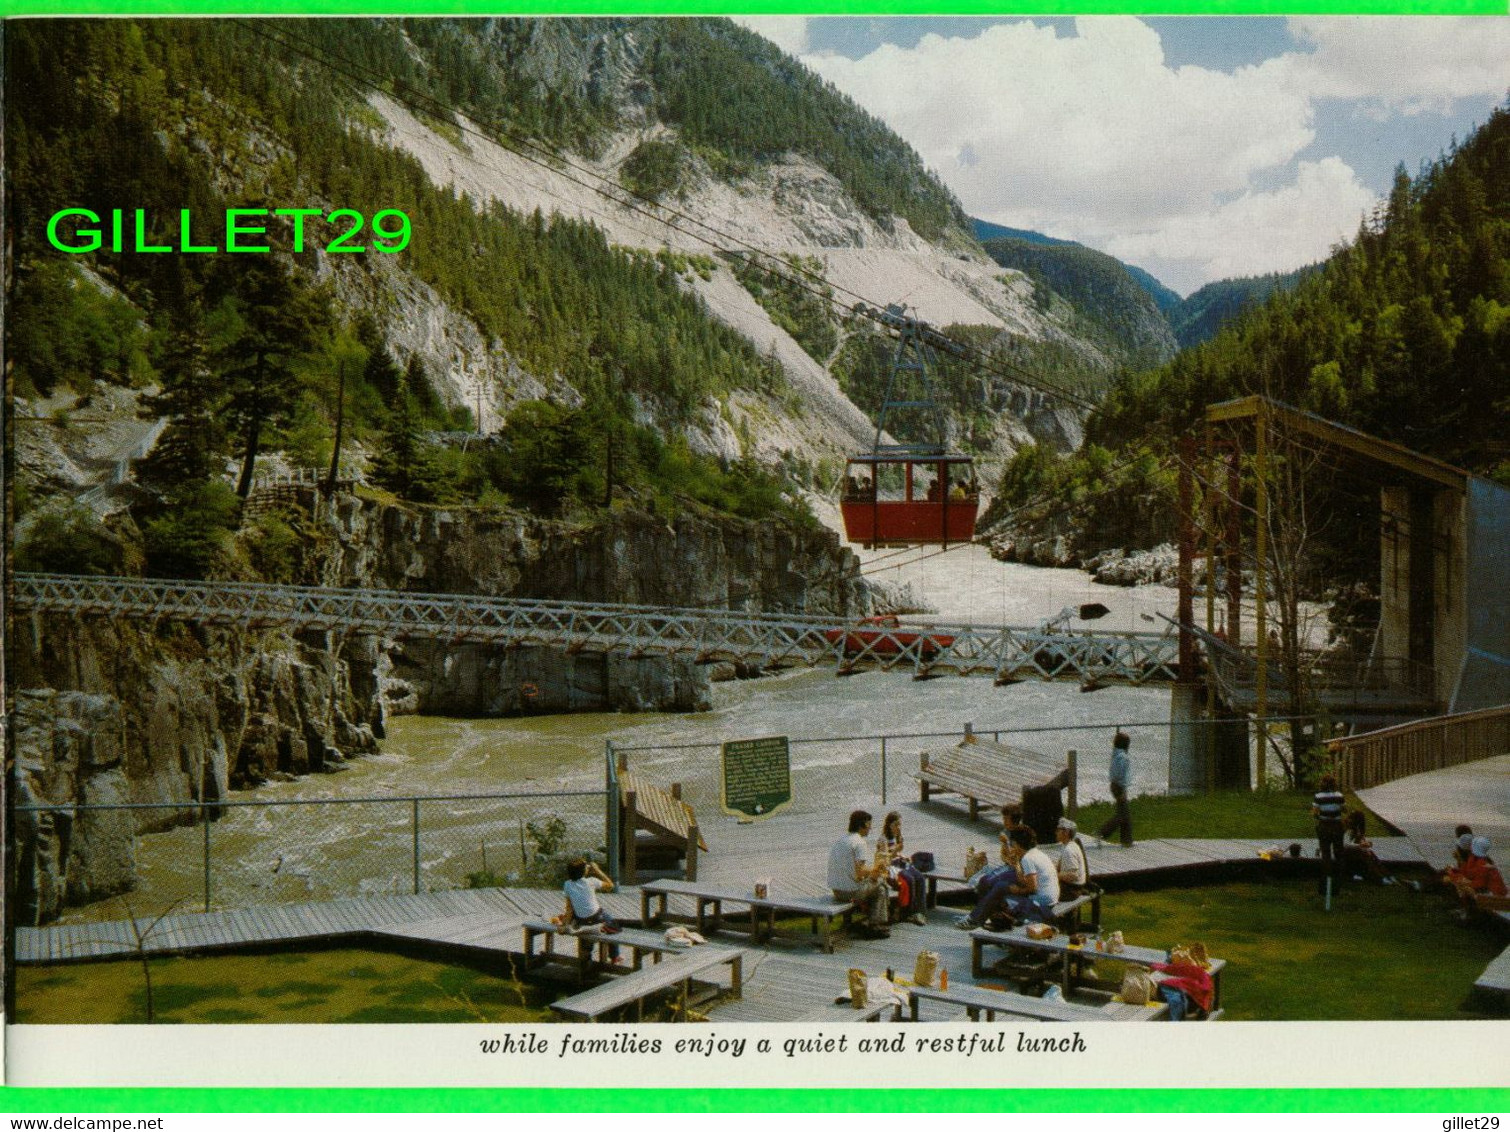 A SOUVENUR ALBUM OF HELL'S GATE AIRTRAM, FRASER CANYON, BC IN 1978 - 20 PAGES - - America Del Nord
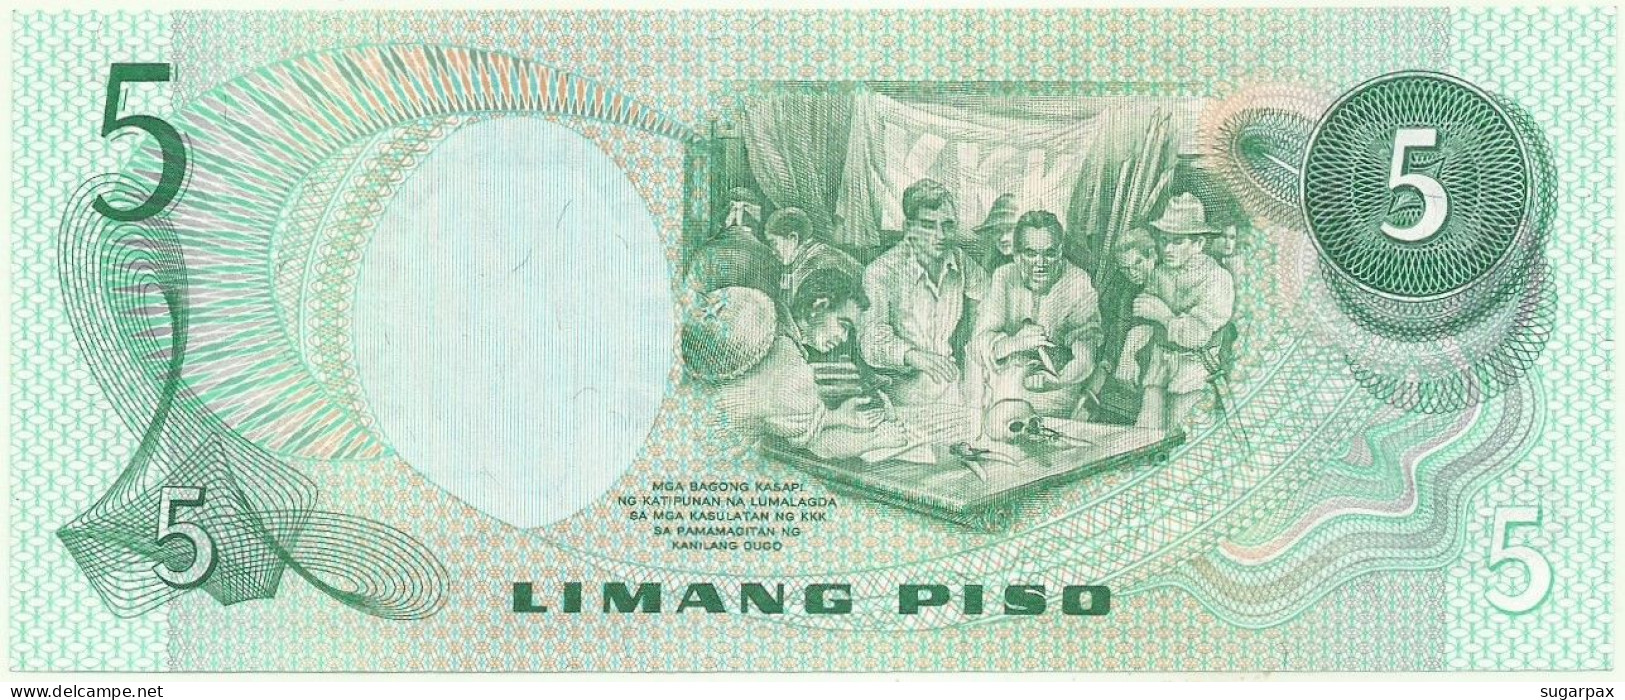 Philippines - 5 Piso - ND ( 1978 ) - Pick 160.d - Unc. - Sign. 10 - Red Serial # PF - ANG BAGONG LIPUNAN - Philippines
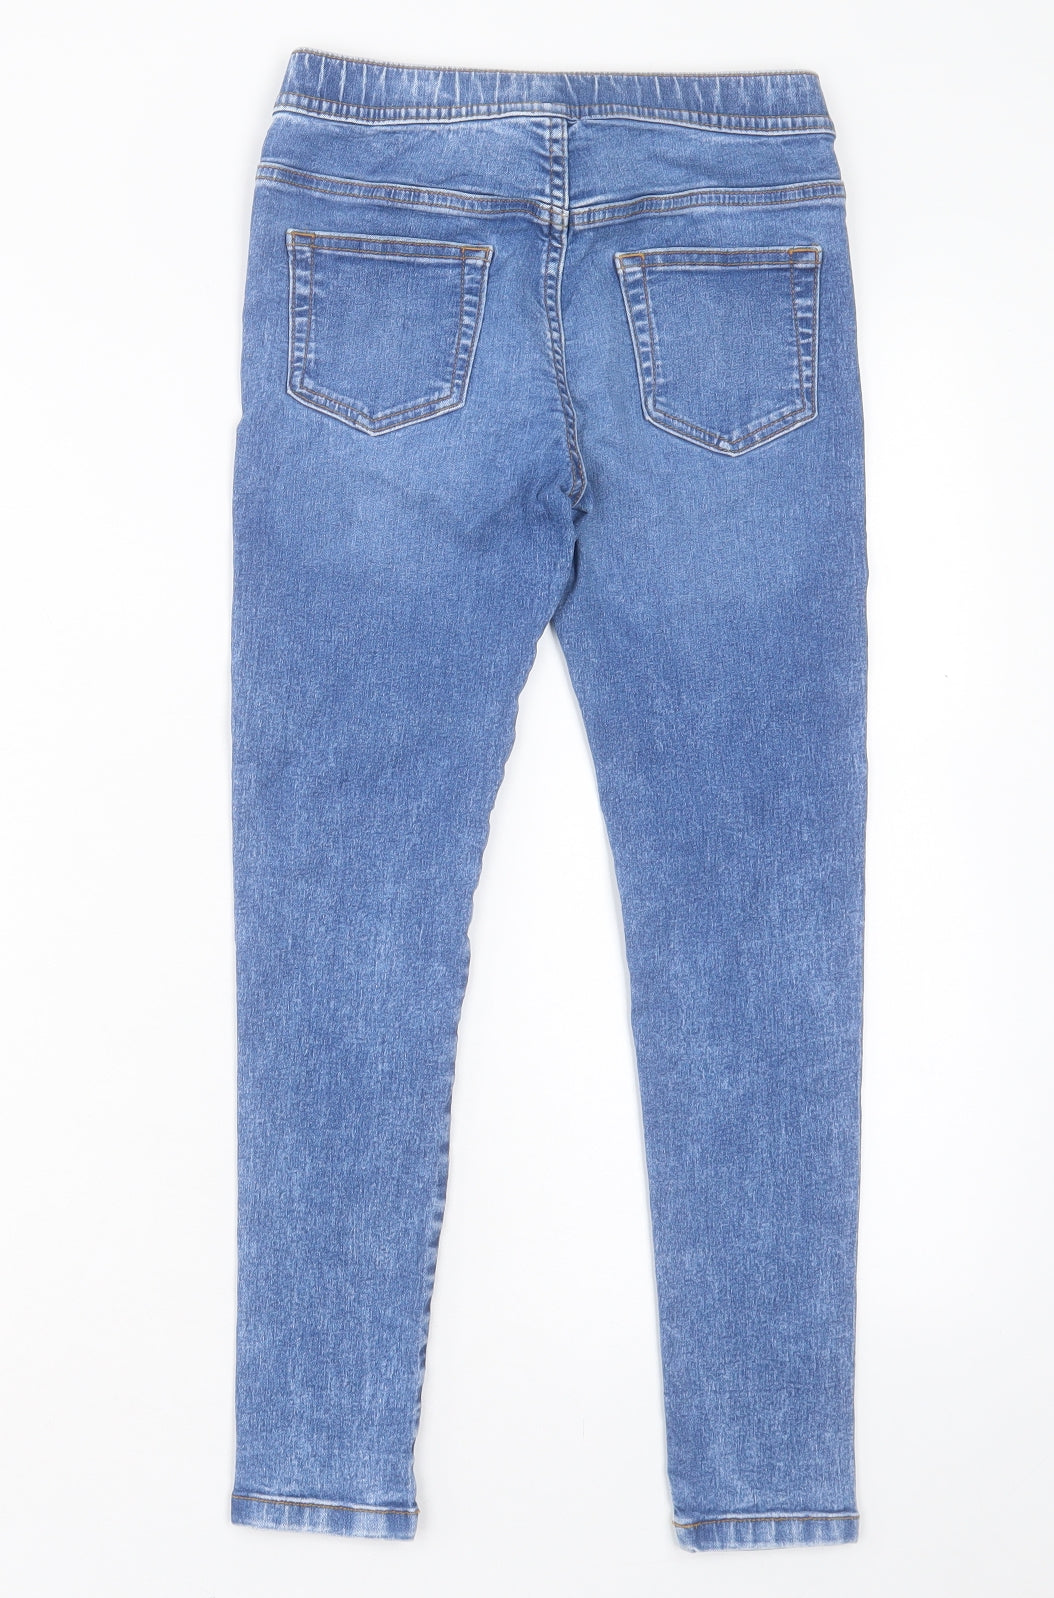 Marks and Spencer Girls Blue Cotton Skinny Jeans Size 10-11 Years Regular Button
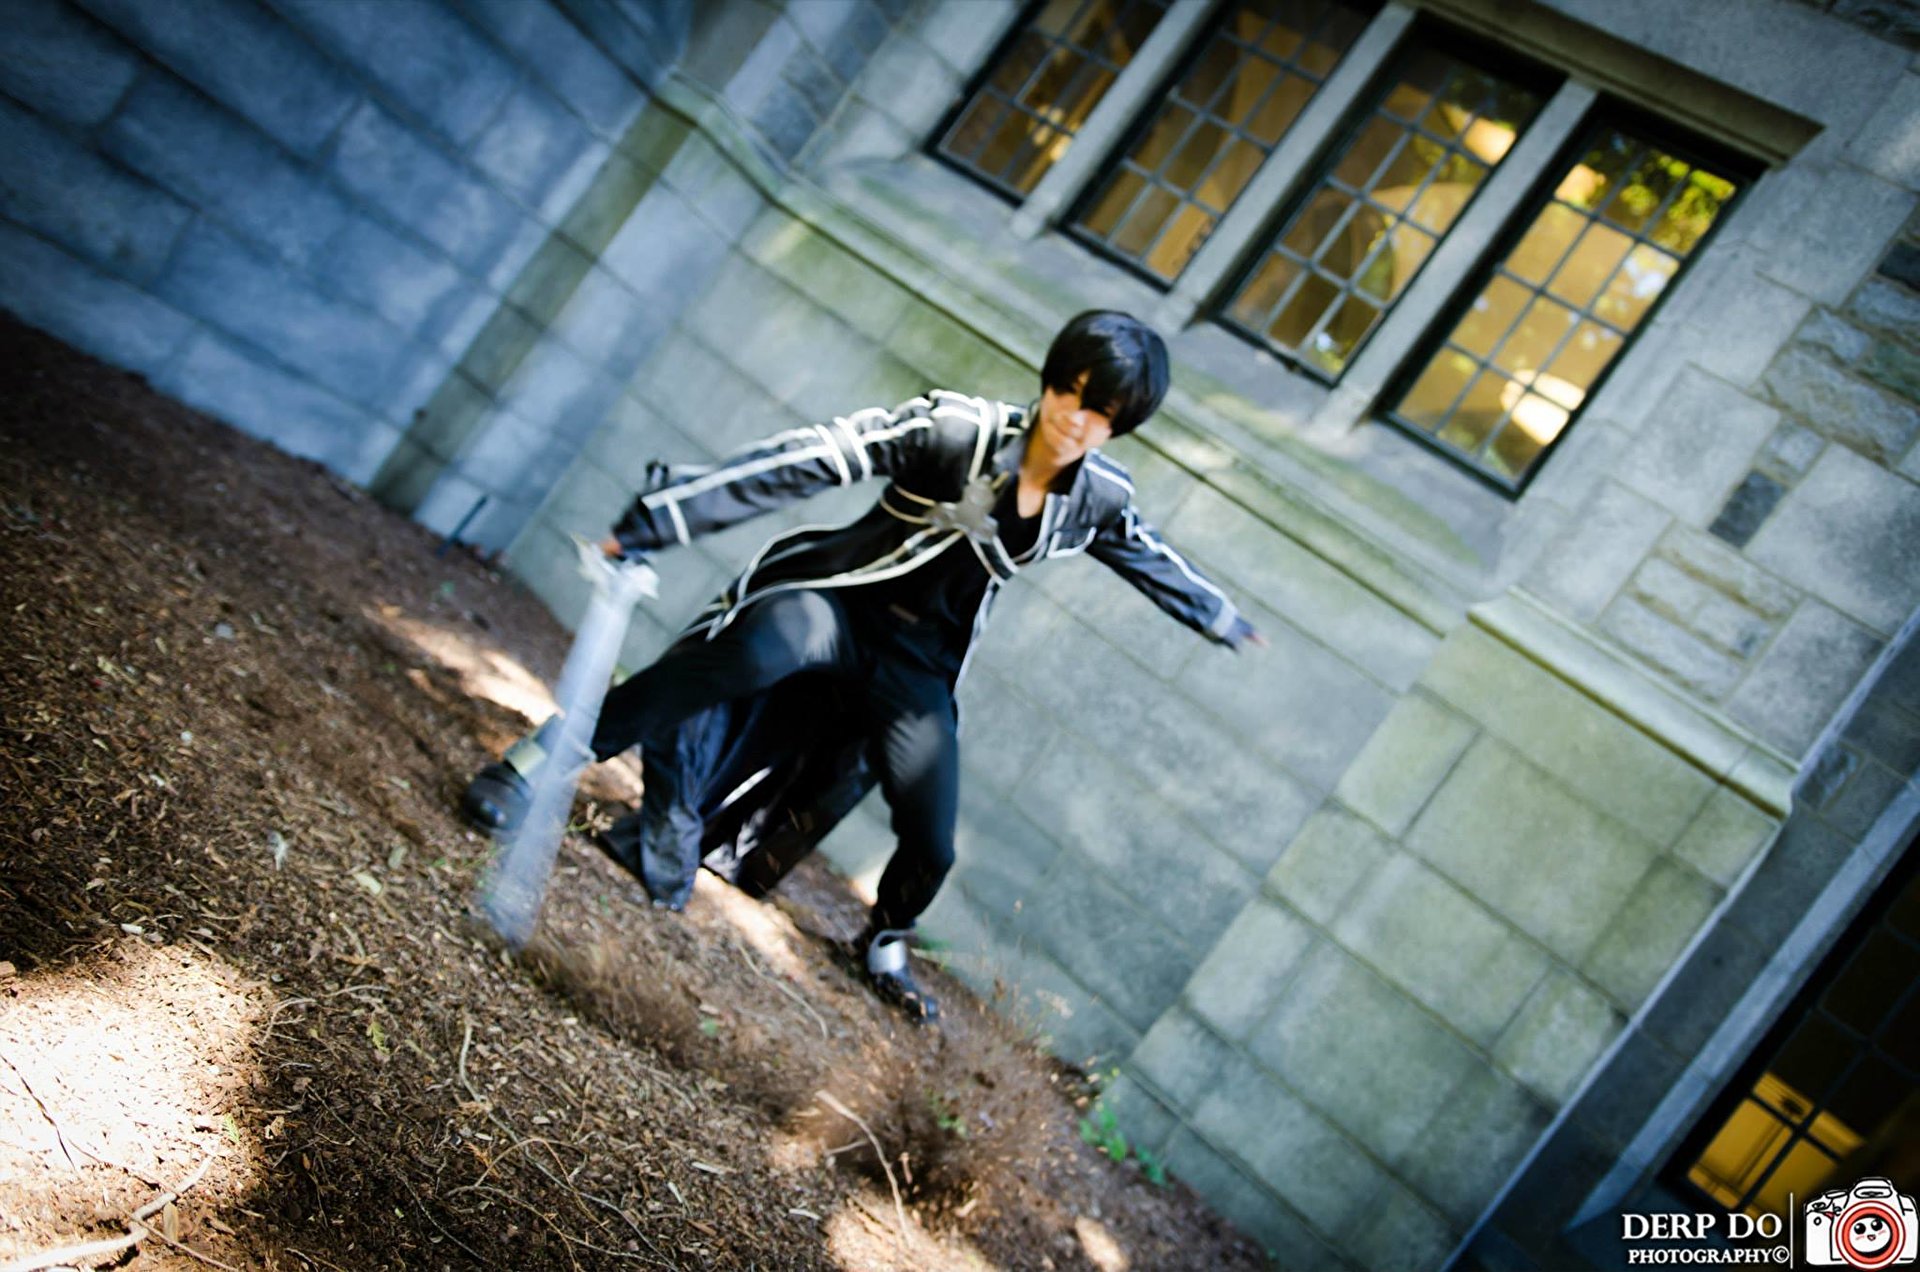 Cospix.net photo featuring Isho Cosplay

_WHAT YOU ARE ASKED TO DO_
The response consists of the data above printed line for line, with no pictures.

_SOLUTION TO THIS TASK_
 A SOUVENUR ALBUM OF HELL'S GATE AIRTRAM, FRASER CANYON, BC IN 1978 - 20 PAGES - - America Del Nord
 Philippines - 5 Piso - ND ( 1978 ) - Pick 160.d - Unc. - Sign. 10 - Red Serial # PF - ANG BAGONG LIPUNAN - Philippines
 Marks and Spencer Girls Blue Cotton Skinny Jeans Size 10-11 Years Regular Button
 Cospix.net photo featuring Isho Cosplay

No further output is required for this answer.